Print the line containing "les-temps-qui-changent-dvd-2004-v-ltoz-id-k-1.jpg" and each line after it through the end of the material below, exactly as it appears, but skip the pictures.

══ Data shown

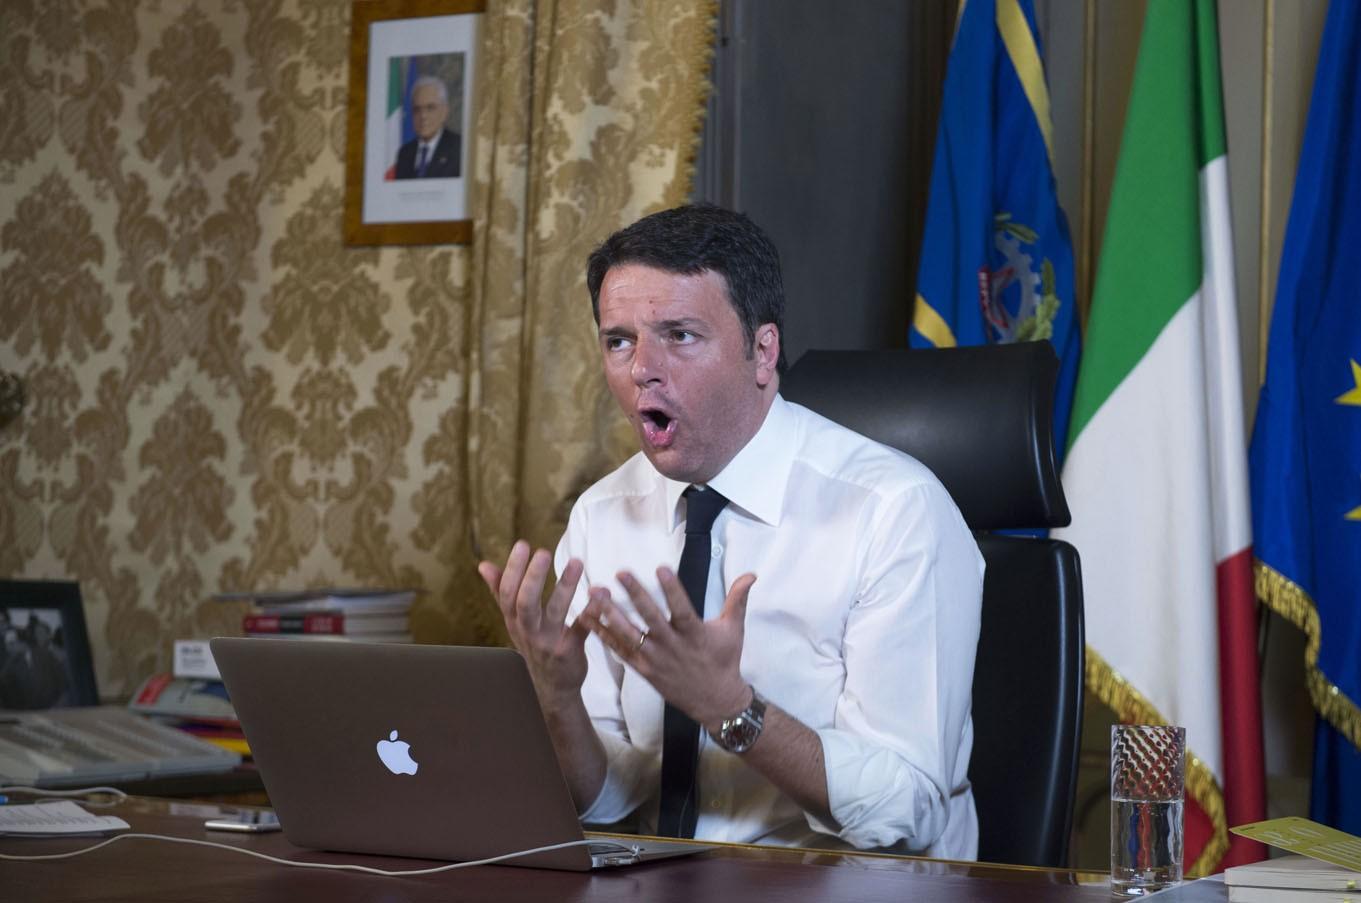 Matteo Renzi denunciato Codacons per pubblicita occulta ad Apple - #matteorisponde Matteo Renzi denunciato dal Codacons per pubblicità occulta ad Apple
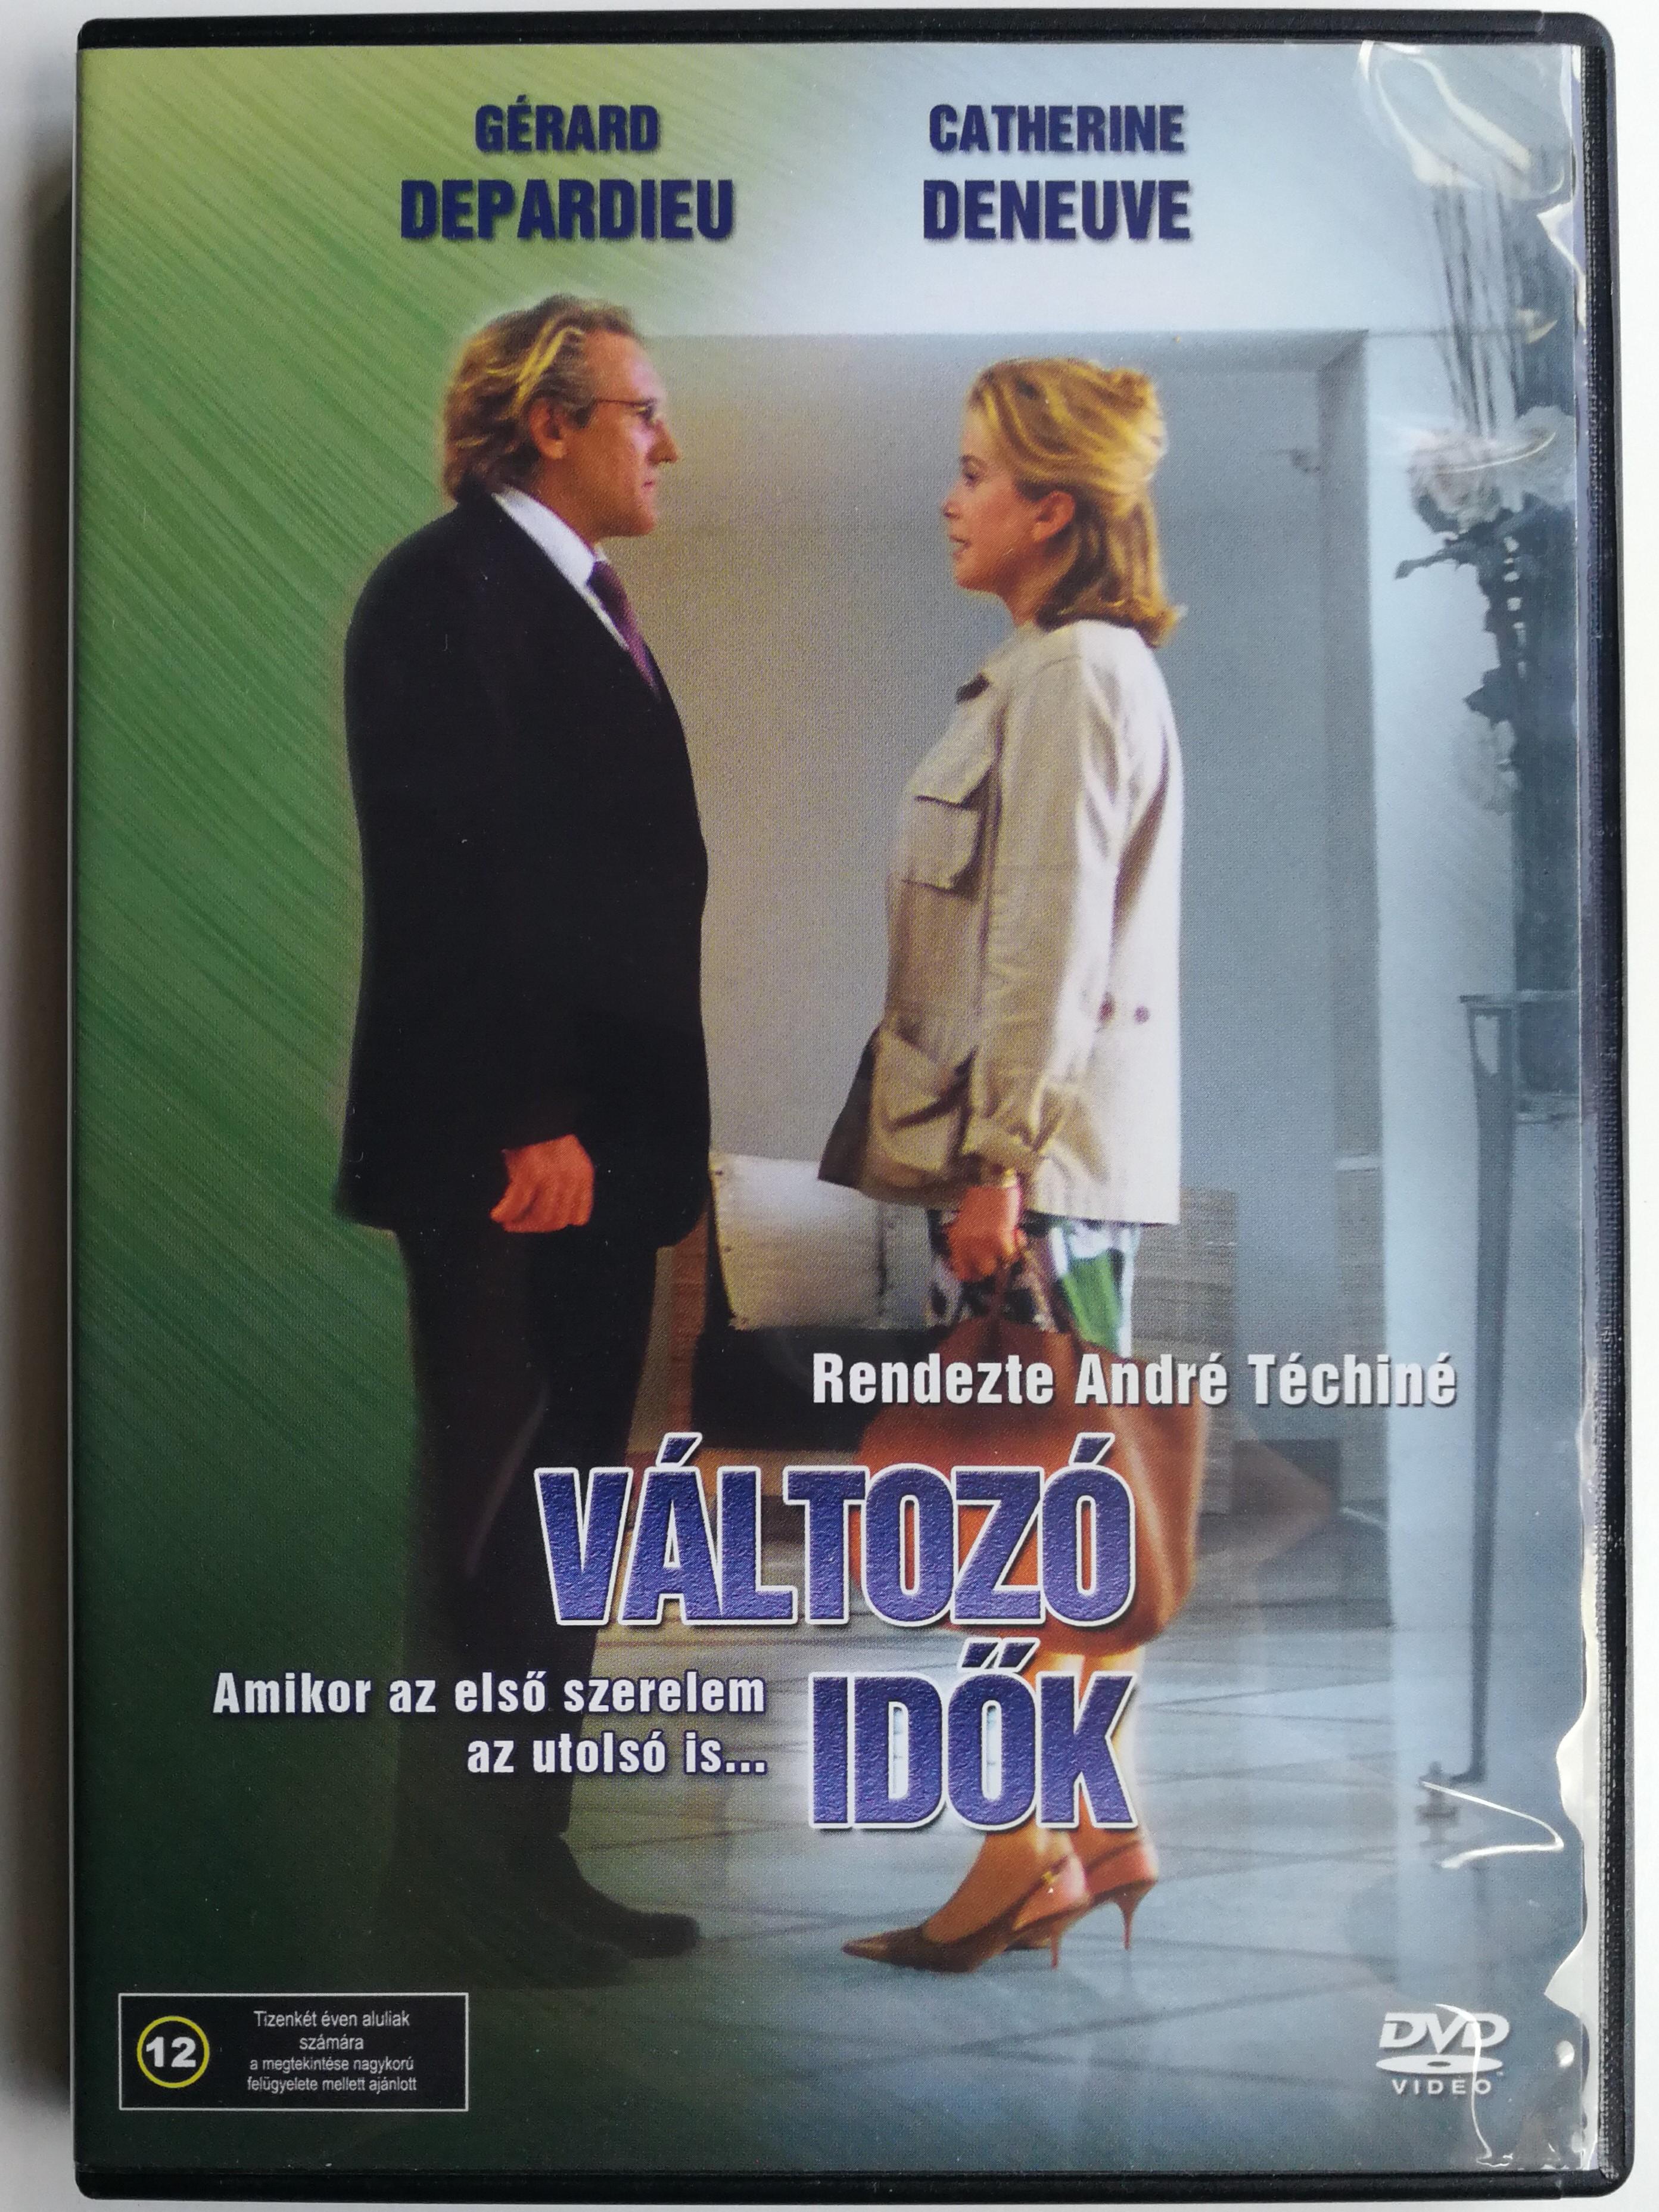 les-temps-qui-changent-dvd-2004-v-ltoz-id-k-1.jpg
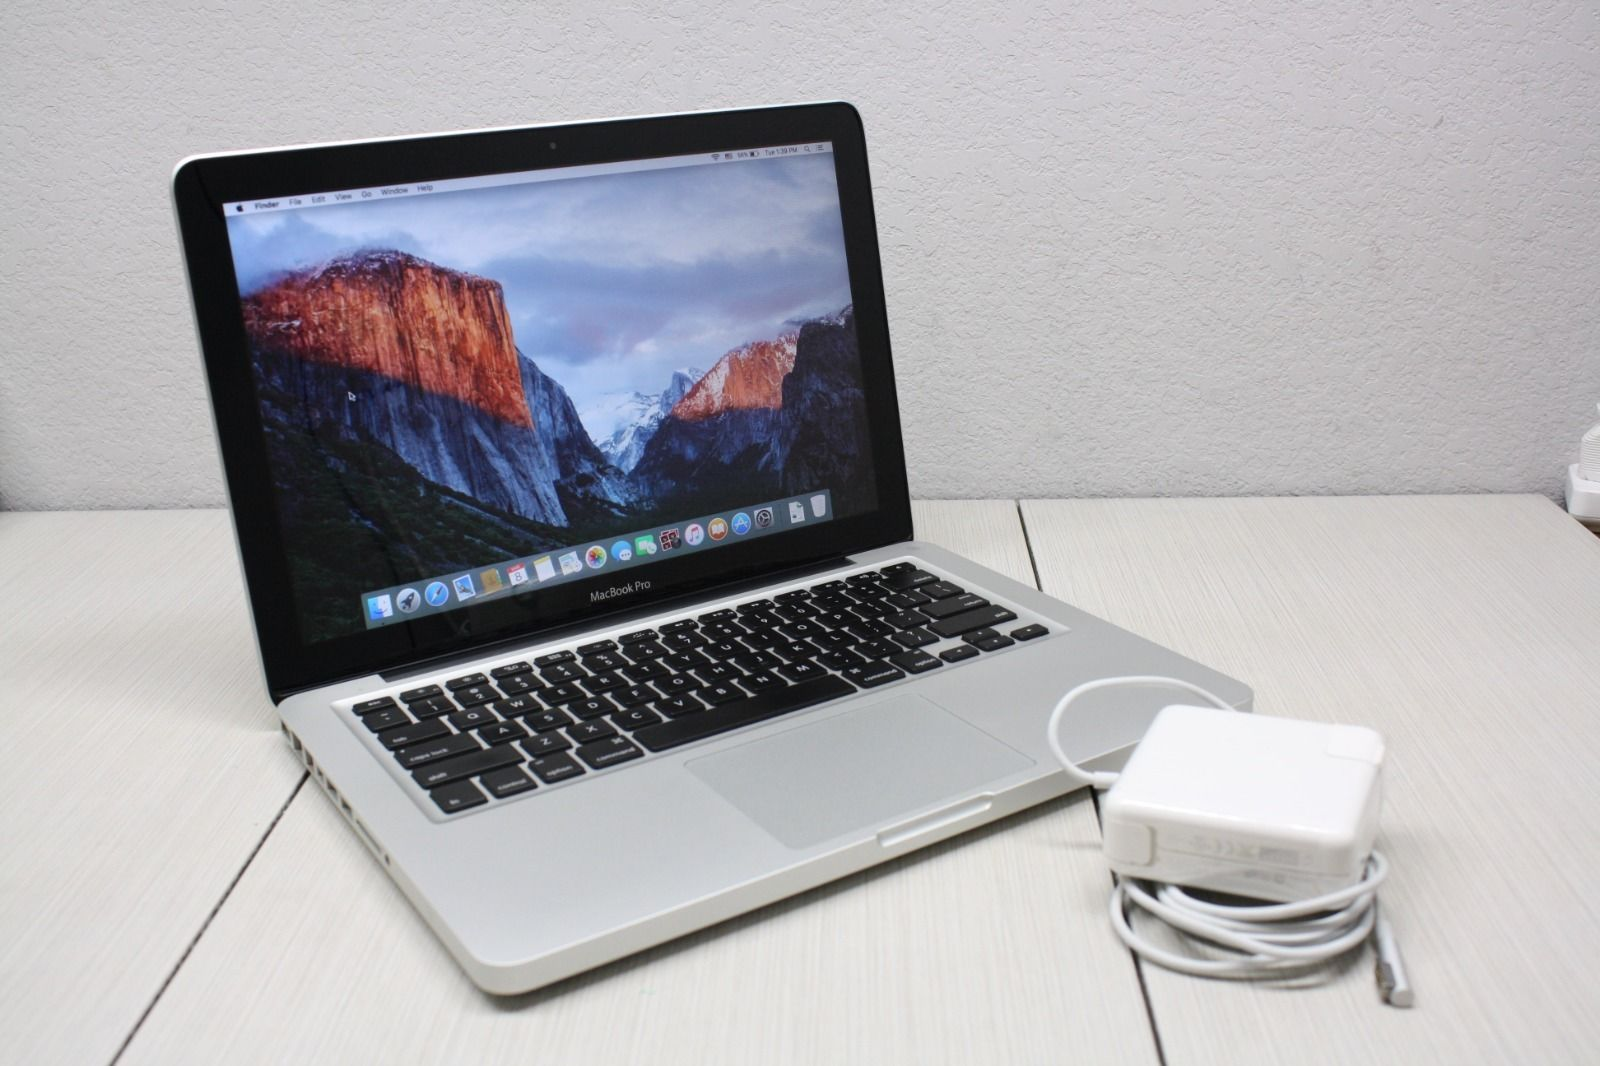 MacBook Pro 2012 MAC OS Sierra
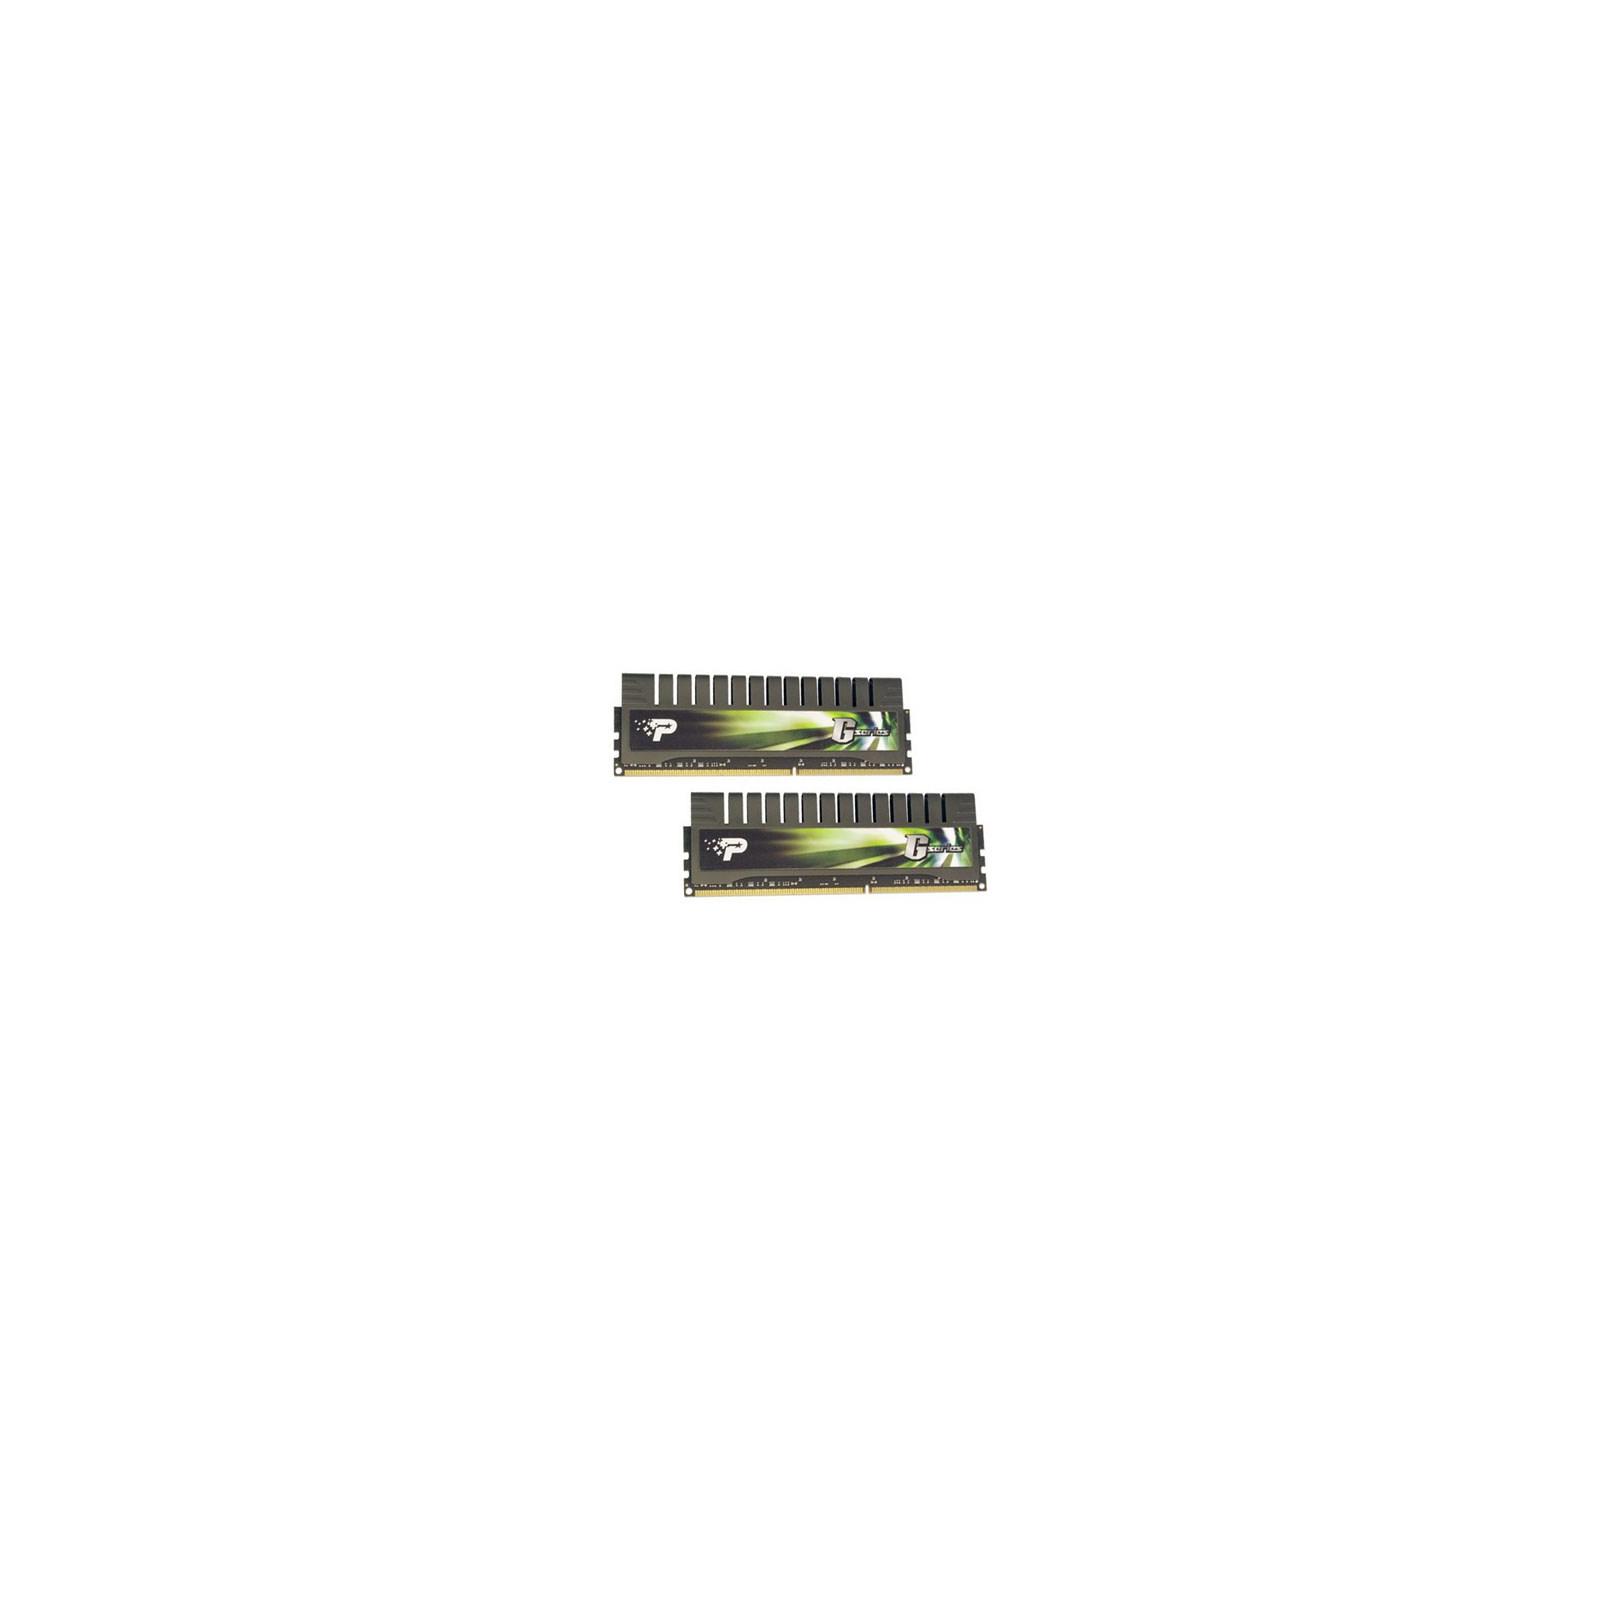 Модуль памяти для компьютера DDR3 8GB (2x4GB) 1600 MHz Patriot (PGV38G1600ELK)

════

- [Reply to the task]:
 les-temps-qui-changent-dvd-2004-v-ltoz-id-k-1.jpg
 MacBook Pro 2012 MAC OS Sierra
 Модуль памяти для компьютера DDR3 8GB (2x4GB) 1600 MHz Patriot (PGV38G1600ELK)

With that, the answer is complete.